Although many of these cult leaders preyed on the poor and uneducated, the upper classes are not immune to their scams. NXIVM, pronounced “Nexium,” was a New York-based group that charismatic founder Keith Raniere promised would “actualize their human potential.” Released in 1998, it was marketed primarily to professional women.
However, the people who stayed on the show found themselves in a pyramid scheme. They were now “slaves” and could only become “masters” by recruiting other slaves. All owed obedience to Raniere. As proof of their loyalty, members had to provide nude pictures of themselves, blackmail material, if they ever tried to leave. Raniere then marked them with his initials.
Members included business executives, actresses, and an heir to the Seagram fortune. Eventually, a follower became disillusioned and went to the authorities. Raniere and the high officials of the cult were arrested. Lots of signed plea deals. Raniere was found guilty of extortion, sex trafficking, forced labor conspiracy, and wire fraud conspiracy.

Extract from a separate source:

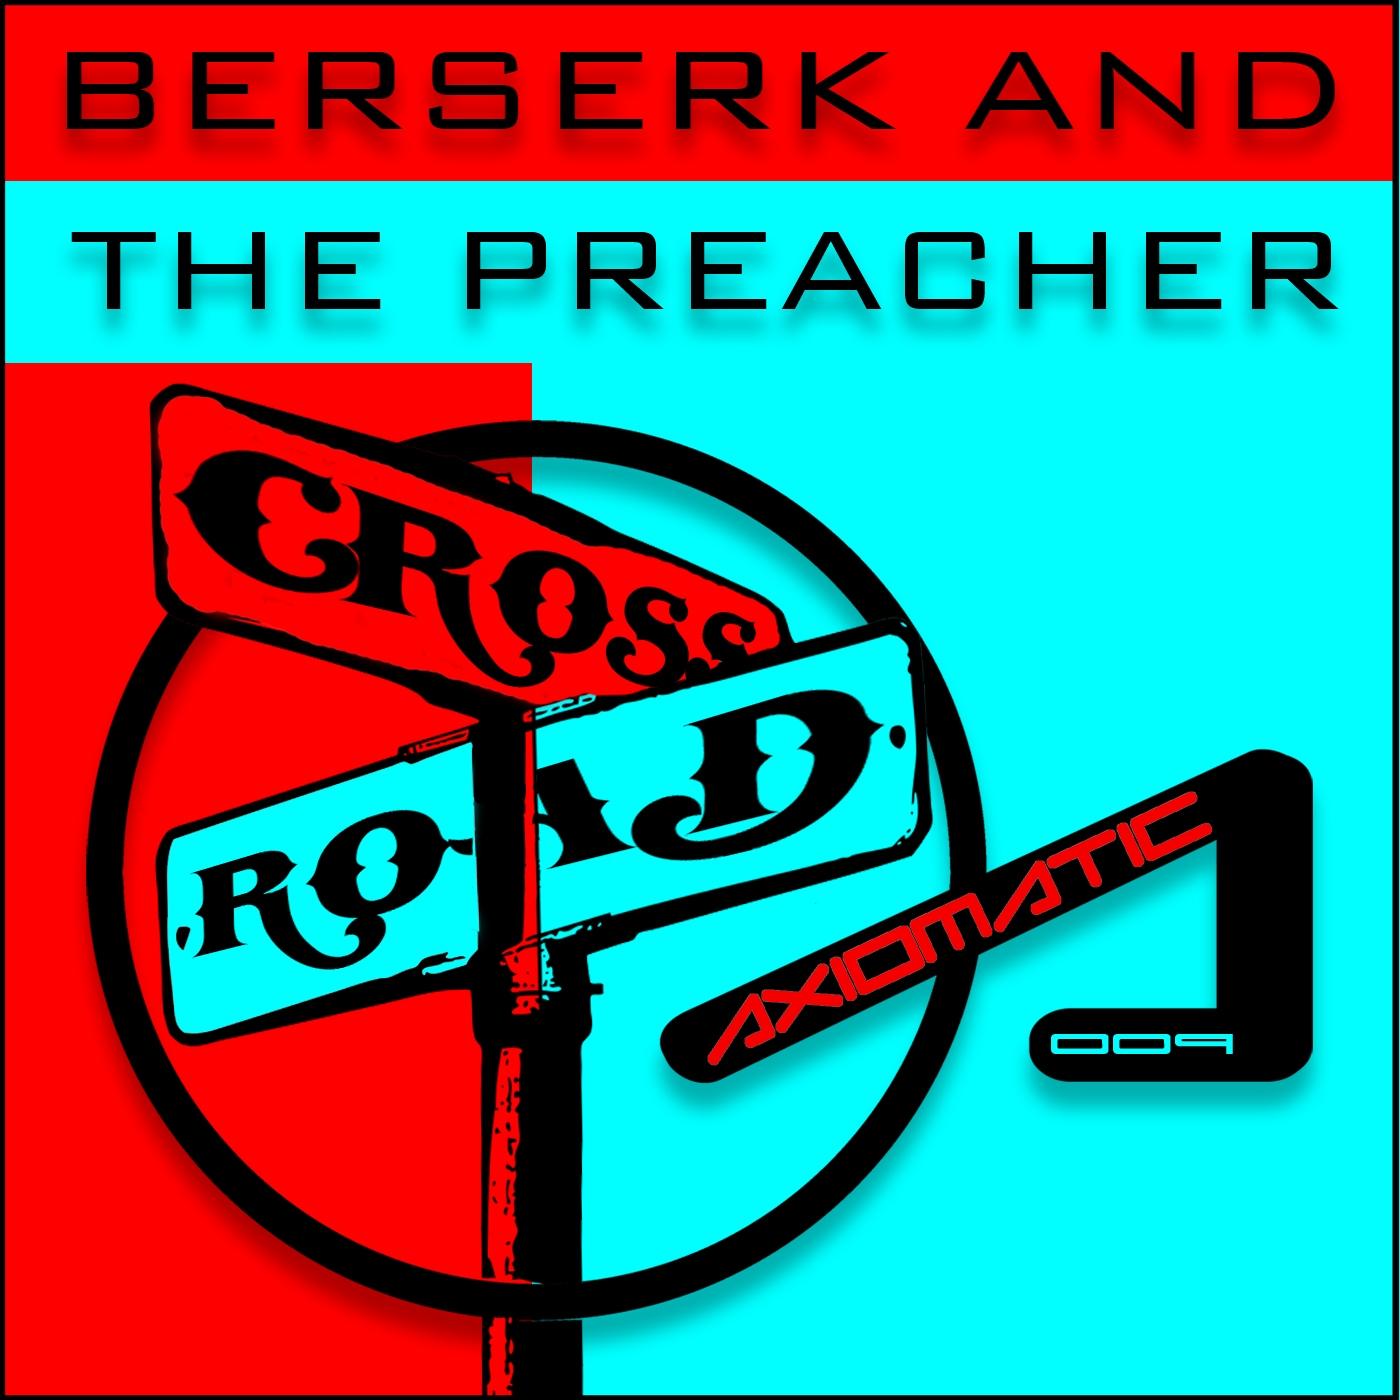 Berserk & The Preacher - Speak Hear & See No Evil (Original mix)
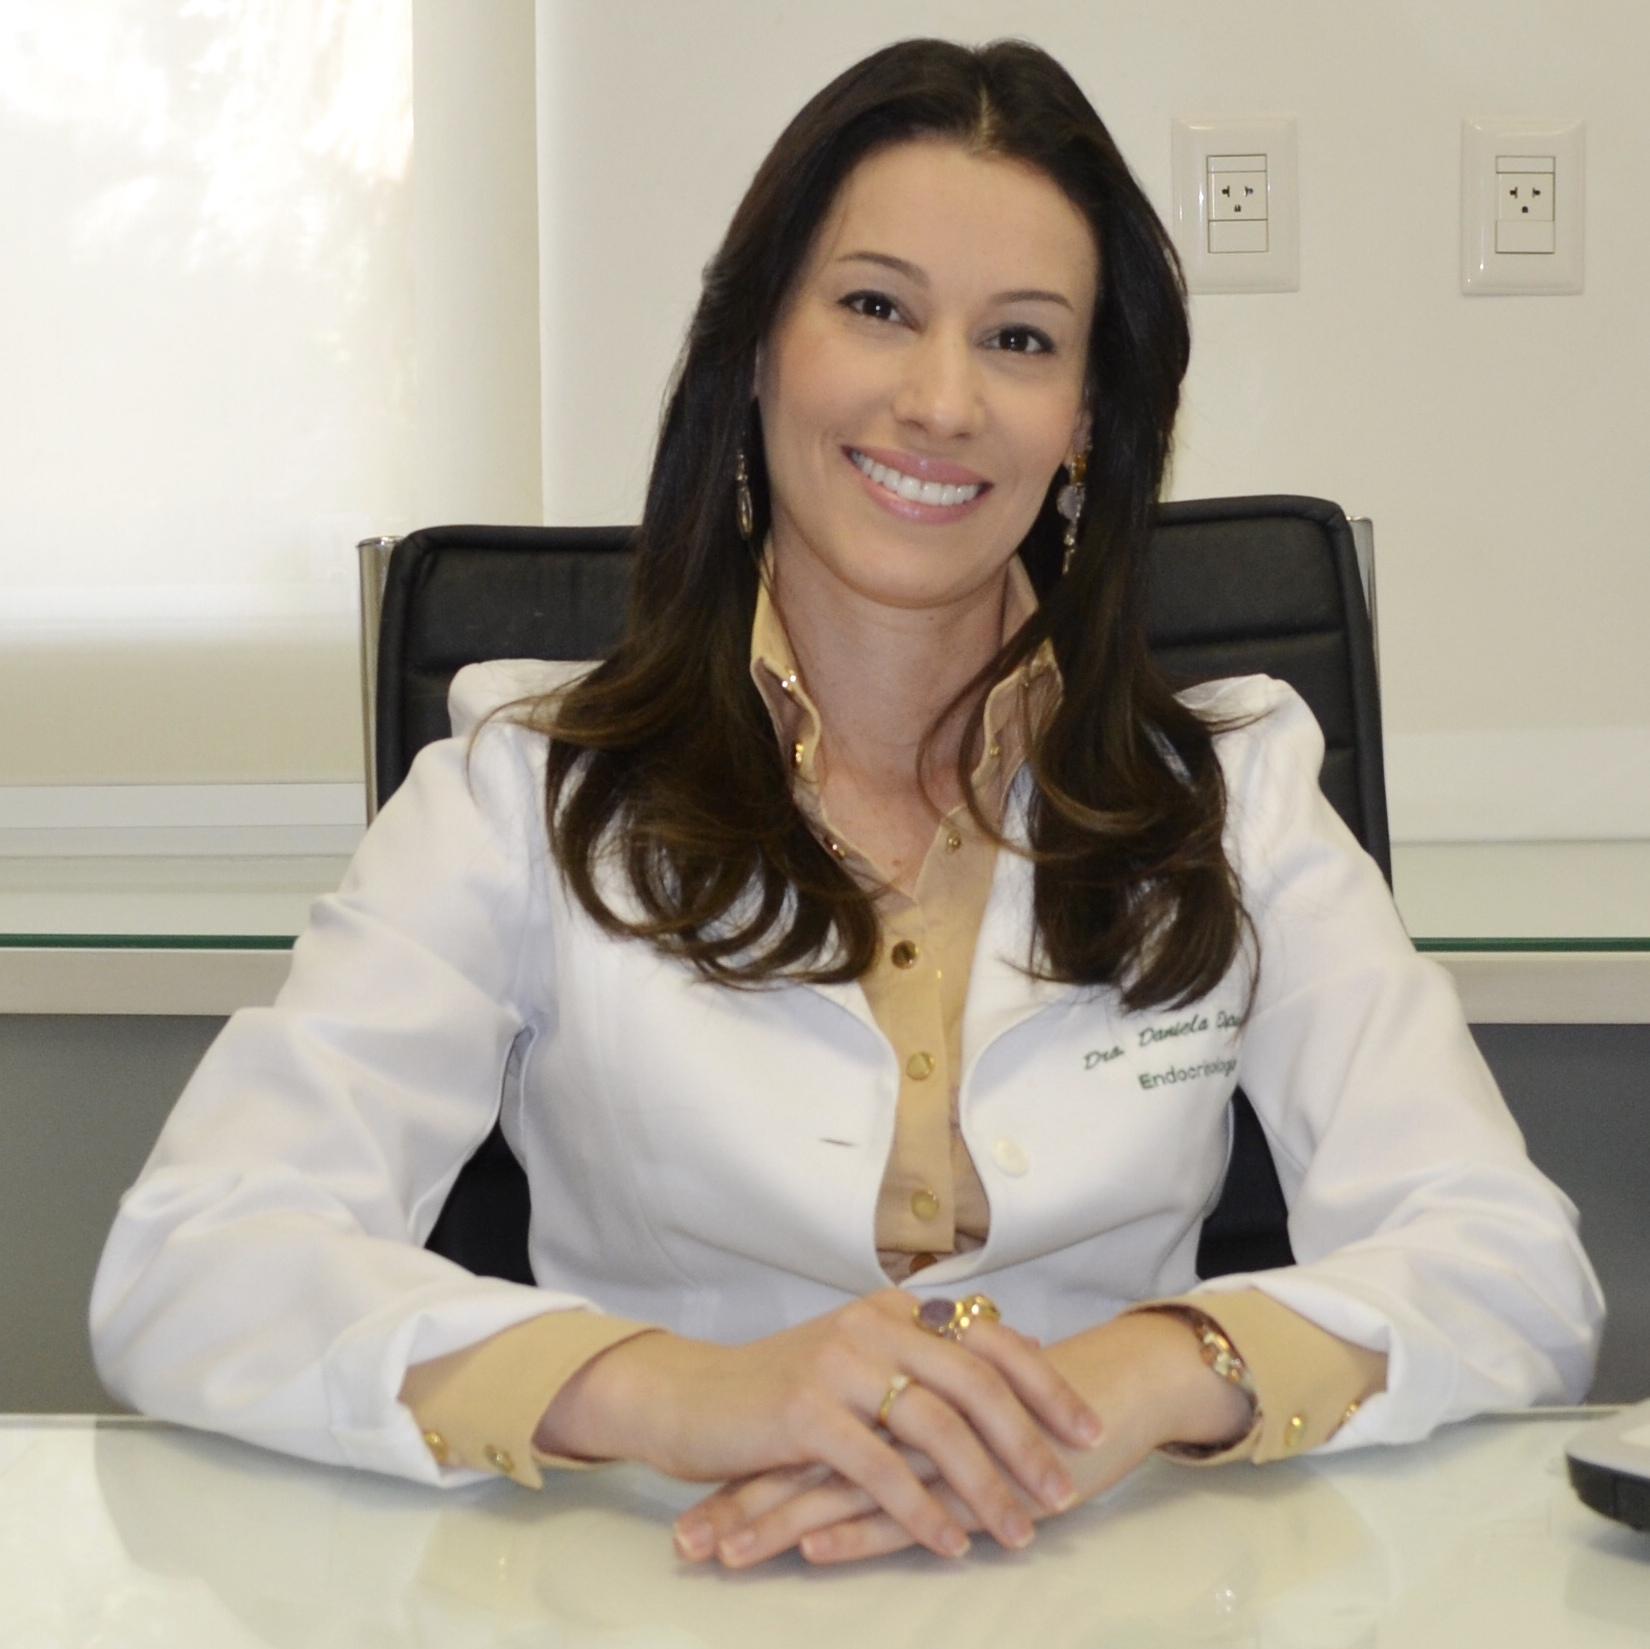 Daniela Espindola Antunes

He was sentenced to 120 years.
Willis’s book deals primarily with religious cults, but occasionally delves into politics. Is the KKK a cult? What about the far-right Proud Boys? Both have fundamental beliefs and demand unquestioning loyalty. What about QAnon? His leadership is much more vague, no one is sure who Q is, but his bizarre conspiracy theories are no crazier than the creeds of some fringe religions.
Americans have always appreciated freedom. But apparently no freedom is more deeply rooted, or potentially dangerous, than our right to believe what we want.